I would guess any thing is doable, but is it wise, on a piece of farm machinery for field use possibly but would not for road use, IMO,


----------



## Bluecometk (Jun 20, 2009)

I would have to say no. I also recommend not trying it. The dangers are many and the chances for disaster are great.

These are just my opinions.

Bluecometk


----------



## pred (Aug 10, 2008)

NO NO NO......
And anyone who mounts them for you should have to stand next to the tire with 80 lbs in them and wait for one to blow his leg off!
Peter


----------



## Ross (May 9, 2002)

Adamently no. Please don't try this boo, we'd miss ya.


----------



## mightybooboo (Feb 10, 2004)

Its my Bud about buying tires from a Pick A Part place.

I will pass this along and thanks for the info.Thought it sounded waaaay wrong,sounded wrong to him too.


----------



## MELOC (Sep 26, 2005)

sure it's possible. all you need is a rim stretcher.


----------



## mightybooboo (Feb 10, 2004)

MELOC said:


> sure it's possible. all you need is a rim stretcher.


Very funny!


----------



## michiganfarmer (Oct 15, 2005)

MELOC said:


> sure it's possible. all you need is a rim stretcher.


hahahaha

hahahaha

yanno, Ive been in many situations that could have been resolved if only I had a board stretcher


LOL, im still chuckleing


----------



## HermitJohn (May 10, 2002)

Definitely not, however for temp use off road such as small trailer, you might get away with 16 inch tire on a 16.5 rim using a tube, it just wont seat properly. Dont use it on road.

16.5 tires are getting rare and the few new ones available very expensive. I had a baldie 16.5 on wheel setting around and used it this spring on my old 2 bottom plow. The wheel rim on the plow was rusted out, but used eight bolts. I just cut center out of the 16.5 rim and wallared out the holes a bit to make it fit. Course this plow will never go over 2mph the rest of its life so not really worried about it. Does look kinda funny with the big tire on the plow and I had to adjust plow to an extreme to be able to use it. Still it works and didnt cost me anything.....


----------



## cfabe (Feb 27, 2005)

The 16" tires on my truck say on the side in big bold letters DO NOT MOUNT ON 16.5 INCH WHEEL. I would guess the other way round is not any better.


----------



## Old Vet (Oct 15, 2006)

Yes it is posible but it will be a mightybooboo If you do.


----------



## mightybooboo (Feb 10, 2004)

Old Vet said:


> Yes it is posible but it will be a mightybooboo If you do.


Guess it would be at that.:cowboy:

BTW Cfabe,that chicken door of yours is awesome!:banana02:


----------



## glenn amolenaar (Mar 3, 2007)

The 16.5 tire is outdated most likely dry rotted, why ask for trouble and more work I do not think the tire will even seal on rim. 16.5 -16 =.5 or 1/2" larger.
Glenn


----------



## tomstractormag (Feb 23, 2007)

The 16.5 is a tubeless tire and special wheel.
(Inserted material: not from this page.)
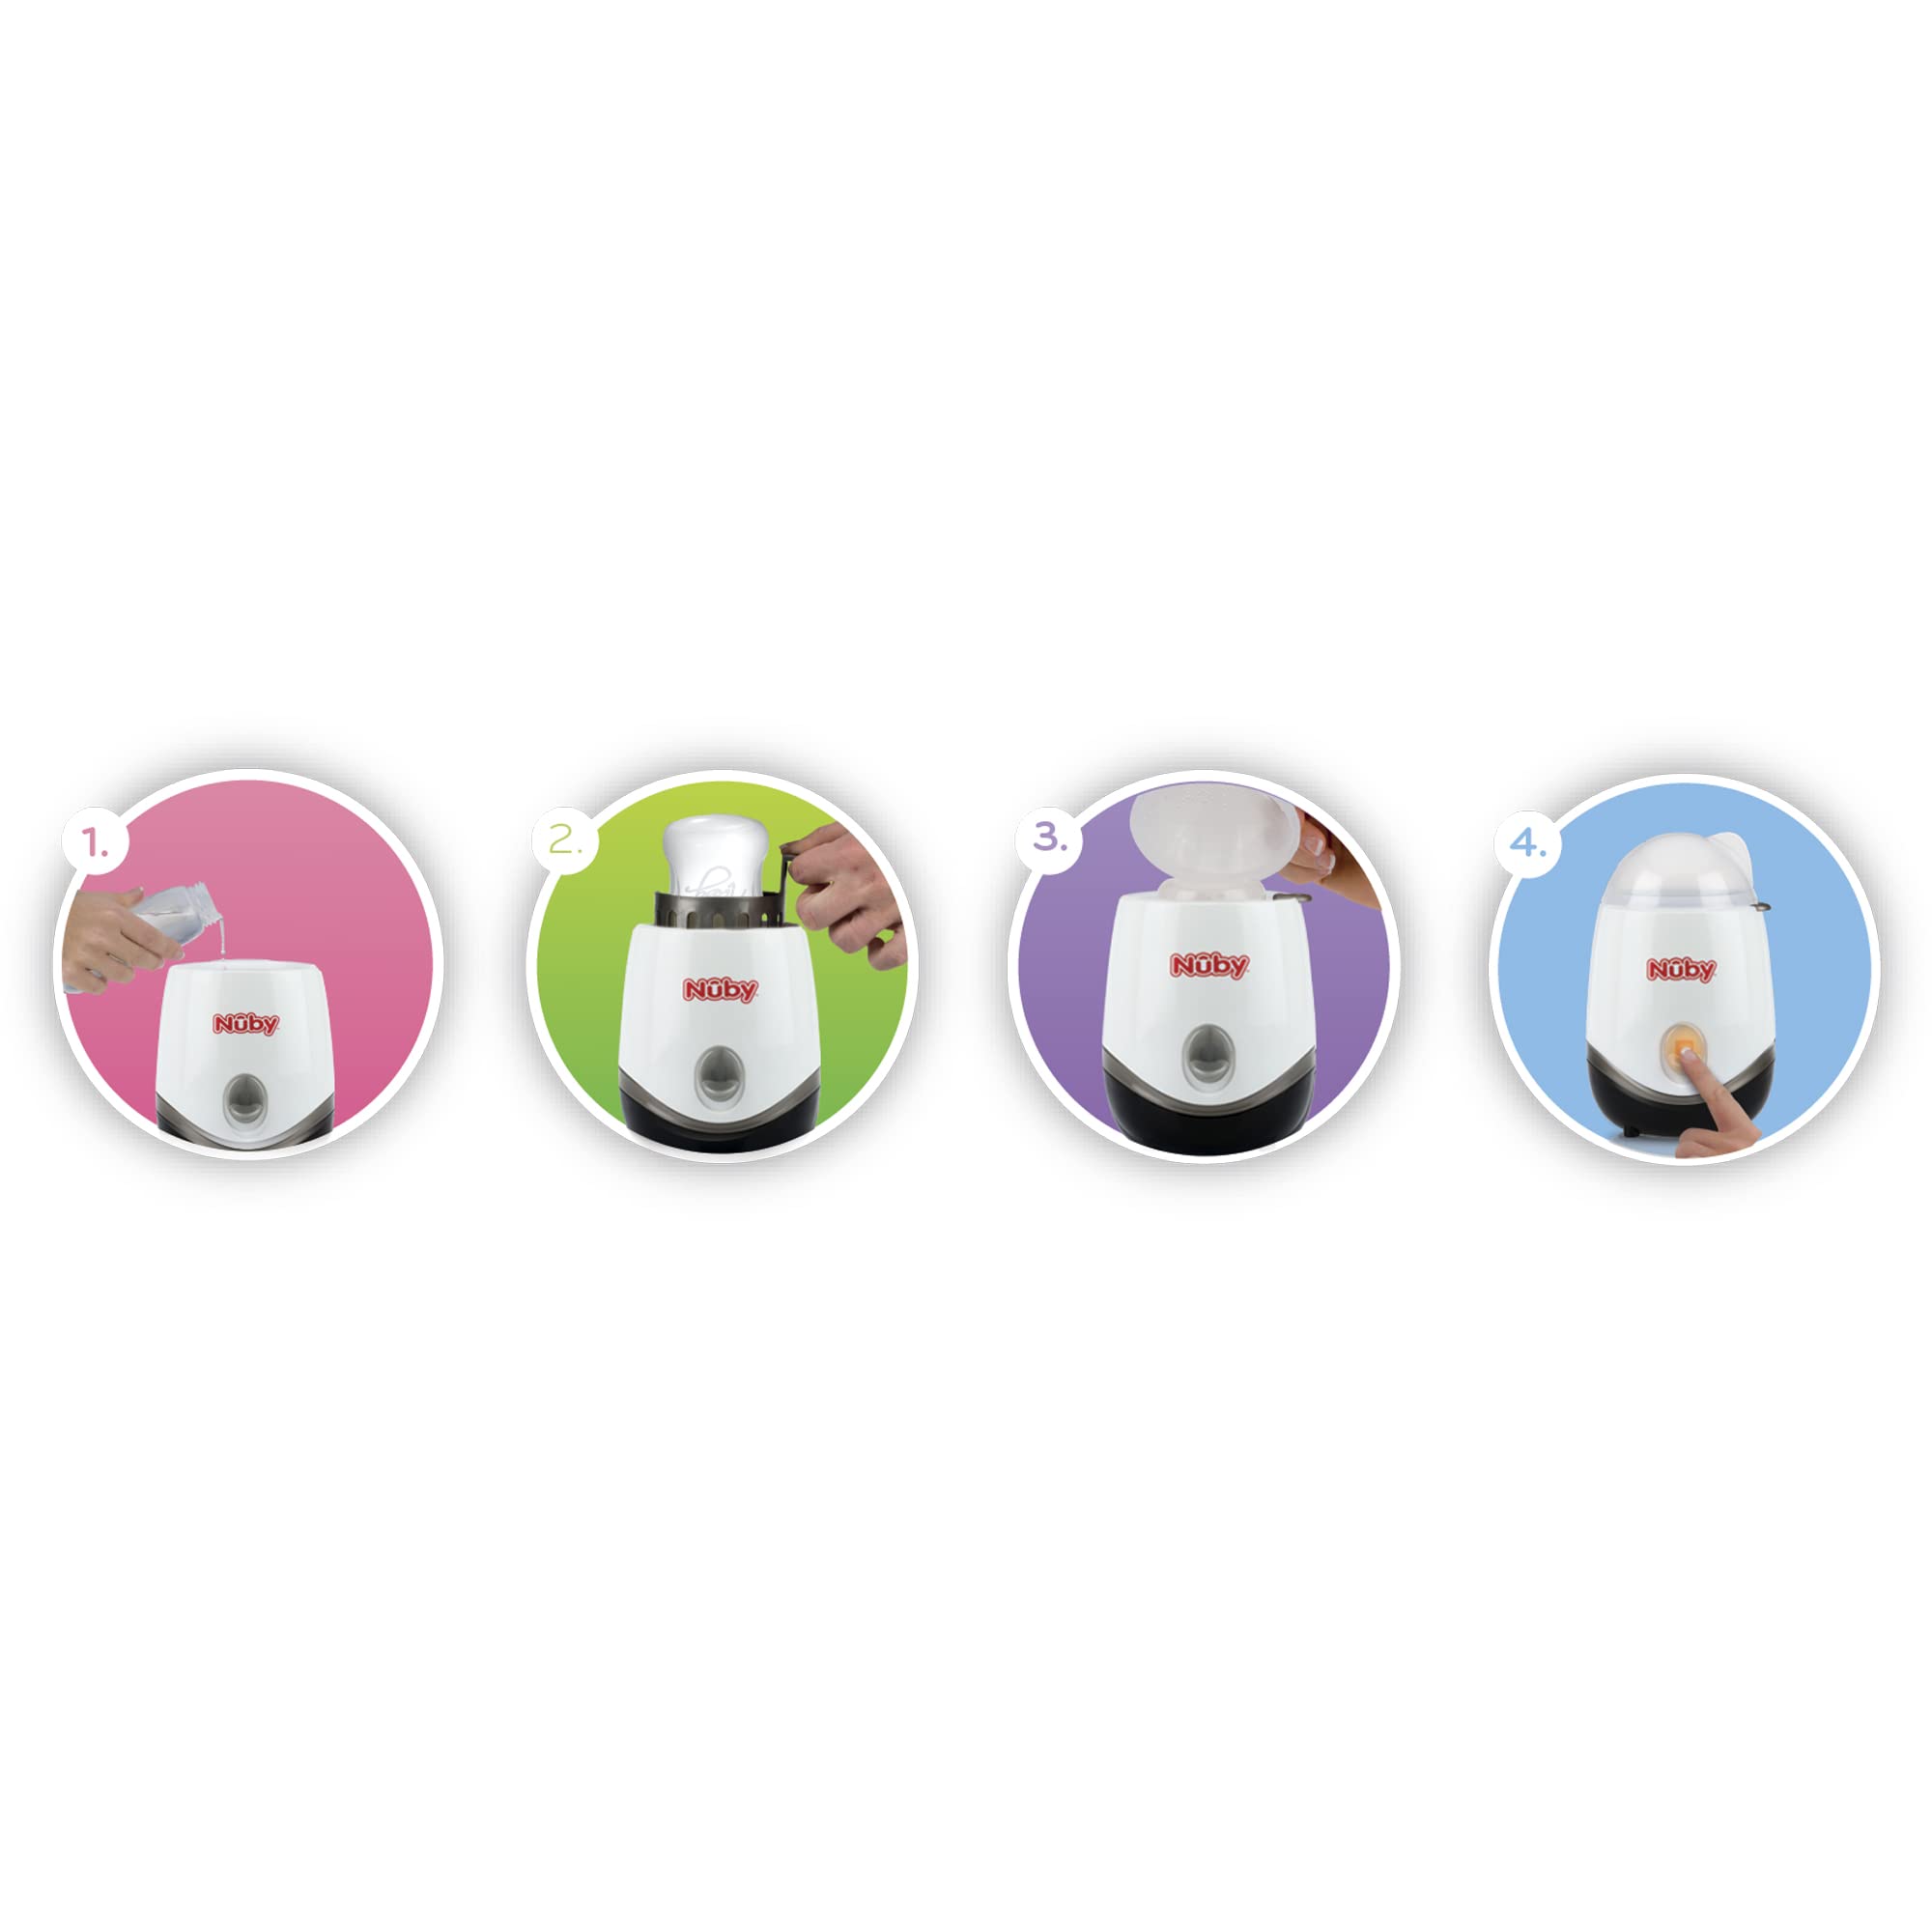 Nuby One-Touch 2-in-1 Electric Baby Bottle Warmer & Sterilizer

The angle of the bead on the tire and the rim of course are different than a conventional tire/wheel combo.
NEVER EVER mix the two.
It is similar to a 22.5 big truck tire which is also tubeless.
I believe the idea was so they are very serviceable i.e. easy to change.
Tom


----------



## travis91 (Jul 26, 2005)

16.5 tires are somewhat popular in the off road market out F250 has 16.5s on it.


----------



## mightybooboo (Feb 10, 2004)

He got 2 nice used 16 inch tires for 60 bucks.Needs 2 more.Very pleased with how his 400 dollars he saved for tires is going.

Thanks for the great answers,very much appreciated.


----------



## beowoulf90 (Jan 13, 2004)

Yes it is possible and has been done with split rings on the rims...

*But I wouldn't recommend this!* When I had a truck that ran these type of rims I would get rid of them as soon as possible.. They are deadly and will kill you if or should I say when they fail, and they do fail...


----------



## mightybooboo (Feb 10, 2004)

He got his 4 nice used tires mounted and balanced and is good to go.Being on a fixed income he saved a bundle.

Cool!


----------